L'a du se retourner dans son four le Freddy.


Alors pour l'histoire ça va être dur de tout résumer vu que j'ai fais plein de trucs pendant que le film tournait. Je vois déjà les spectateurs 4 étoiles dithyrambiques d'Allociné me conspuer "nan mai c pas bien, comen tu sé que c movai ta cherché du chocolat dan le frigo pendan ce tan là !" (ah merde je me suis trahie dans l'imitation du kikoolol, j'ai mis un accent grave à "là"). Conspuez moi les gars et les filles, conspuez moi je le mérite parce que déjà à peine le générique passé, j'ai failli m'endormir et comme j'avais vraiment trop TROP peur de me frotter au nouveau Freddy dans mes rêves, j'ai du trouver plein de subterfuges pour ne pas tomber dans ses lames. Pourtant j'avais bien dormi la nuit d'avant (mes 10 heures quotidiennes), j'avais fait une bonne sieste dans l'aprèm (3 malheureuses heures) alors je ne m'explique toujours pas pourquoi les yeux m'ont picotée dès les 10 premières minutes ?


Hein pourquoi ? Ben juste madame et monsieur parce que c'est très chiant A nightmare on Elm Street version 2010, c'est joué avec les pieds, c'est tourné tout pareil, et l'histoire empruntée légitimement à l'original vu que c'est un remake, a été épurée de tous ses aspects intéressants pour nous servir un truc indigeste à la sauce ados abrutis. J'avais l'impression de me remater le remake de Fog (oui je sais j'ai une vie sociale hypra remplie et des goûts artistiques très sûrs). Qu'est devenue la dimension onirique de l'original ? Pourquoi dépeindre des adolescents aussi caricaturaux, ça existe les jeunes intelligents et aussi tourmentés ? Pourquoi foutre des bruitages à la con toutes les deux secondes pour faire bondir la pucelle sur son siège de cinéma ? Ca m'a réveillée en plus bordel (remarquez heureusement j'étais assoupie sur une tablette pâteuse de Lindt chocolait au lait/amandes et un tube de crème tannante pour les pieds), et j'étais de mauvaise humeur après j'ai du me curer le nez intensivement pour me calmer.

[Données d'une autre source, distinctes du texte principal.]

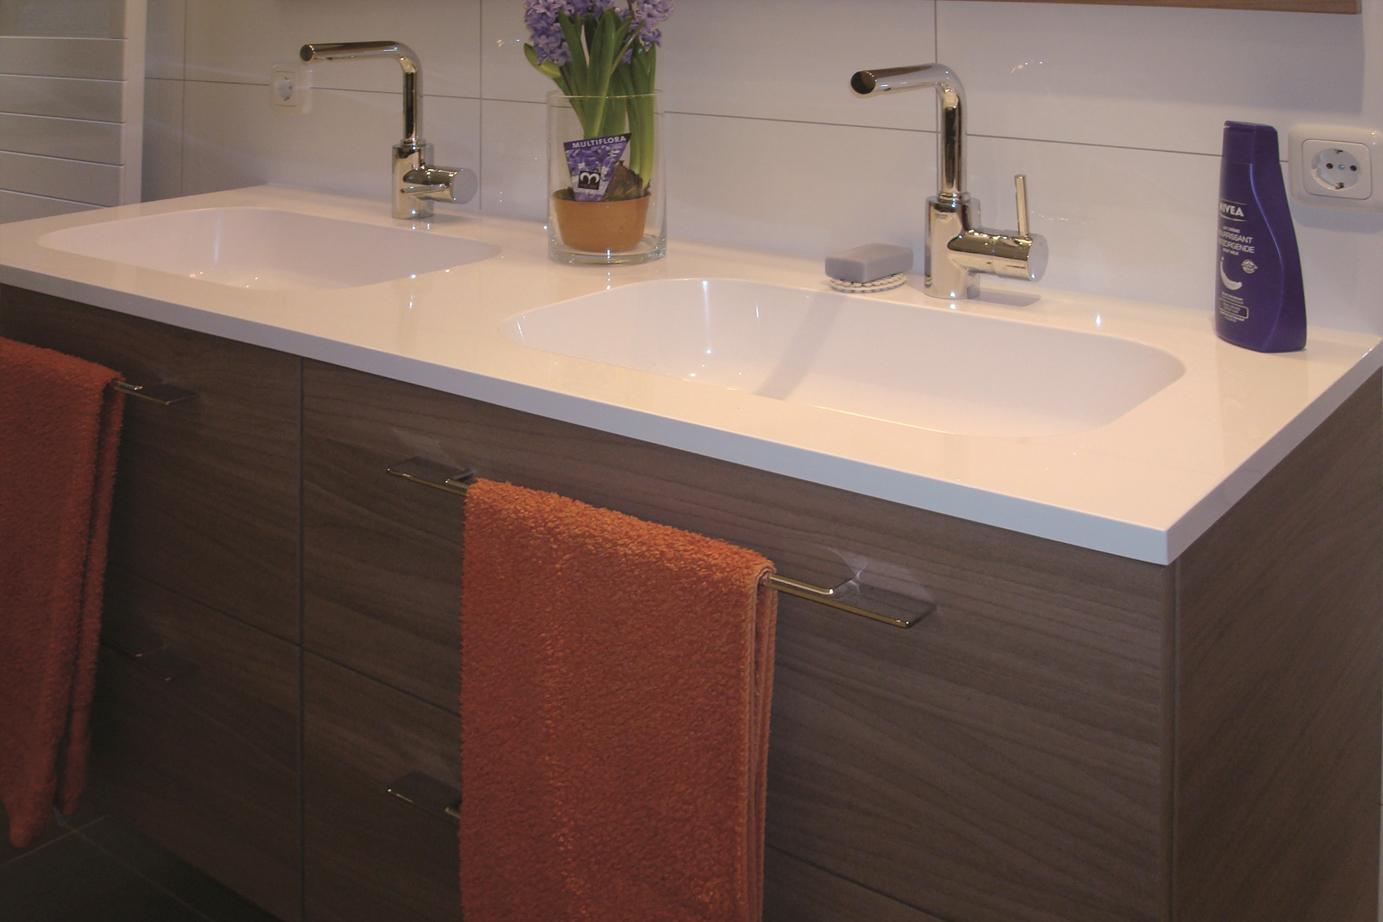 Tegels badkamer vervangen kosten tegelzetter een overzicht tegelzetter badkamer - Tegellijm keuken ...

Pis quel est le tâcheron qu'a arrangé la trombine de mon Freddy hein ?????

 

Freddy Haley

 

On dirait une tête de fion au pepperoni ! Regardez-moi ces yeux enfoncés dans le trou de balle complètement inexpressifs ! Et je ne vous ai pas mis le son hein, parce que le doublage français façon Rambo valait son pesant de coucougnettes aussi... (et non je ne pousserai pas le vice à me mater la VOST maintenant...)

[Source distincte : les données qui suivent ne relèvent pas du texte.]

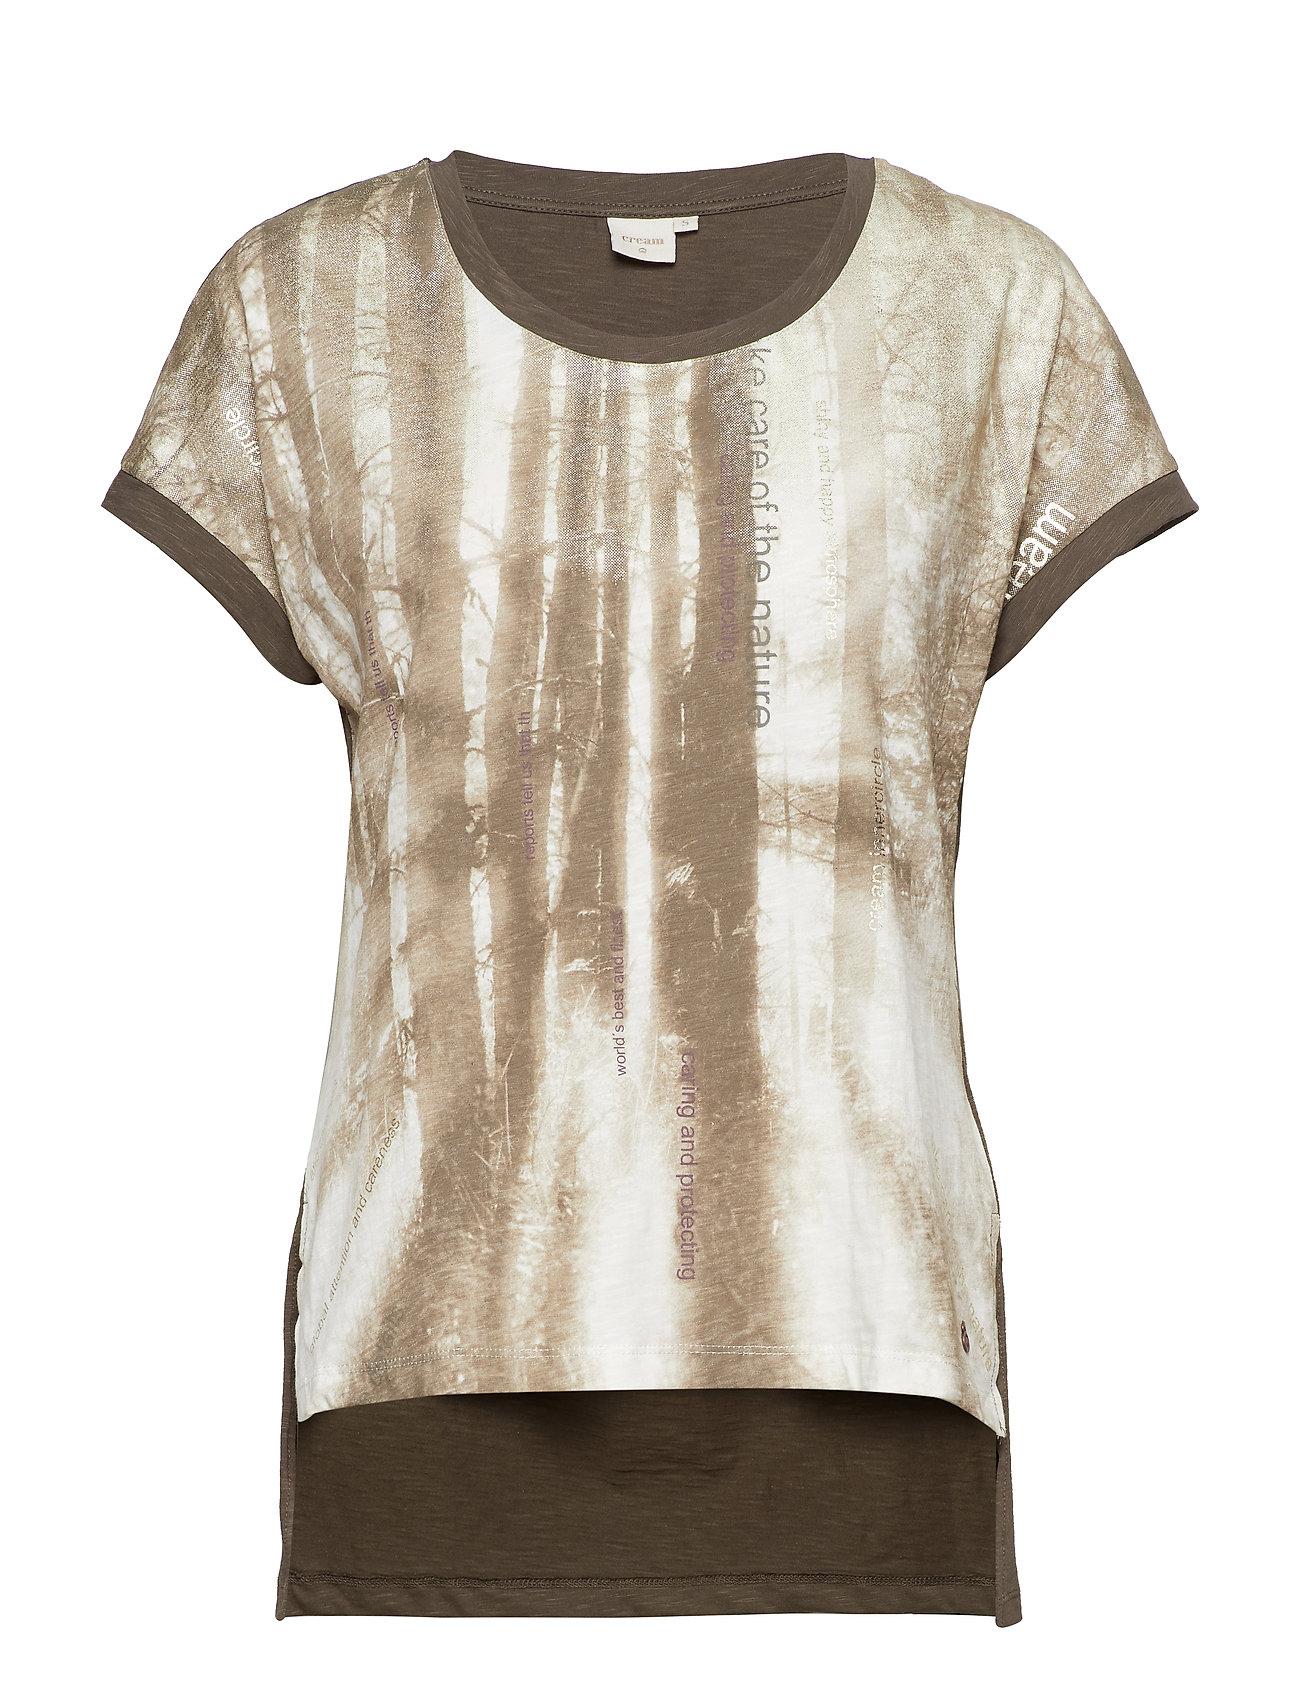 Cream Lavenie Tshirt - MAJOR BROWN

Ah Robert Englund c'était le bon vieux temps, madame et monsieur... et je suis bien contente d'avoir maté Les griffes de la nuit l'unique à sa sortie dans les années 80 parce qu'allez savoir, si j'avais 11 ans là tout de suite, si ça se trouve j'aurai bien aimé ce truc là pondu en 2010...


Allez savoir... mais bon ça existe les jeunes aimant autre chose que les purges formatées non ???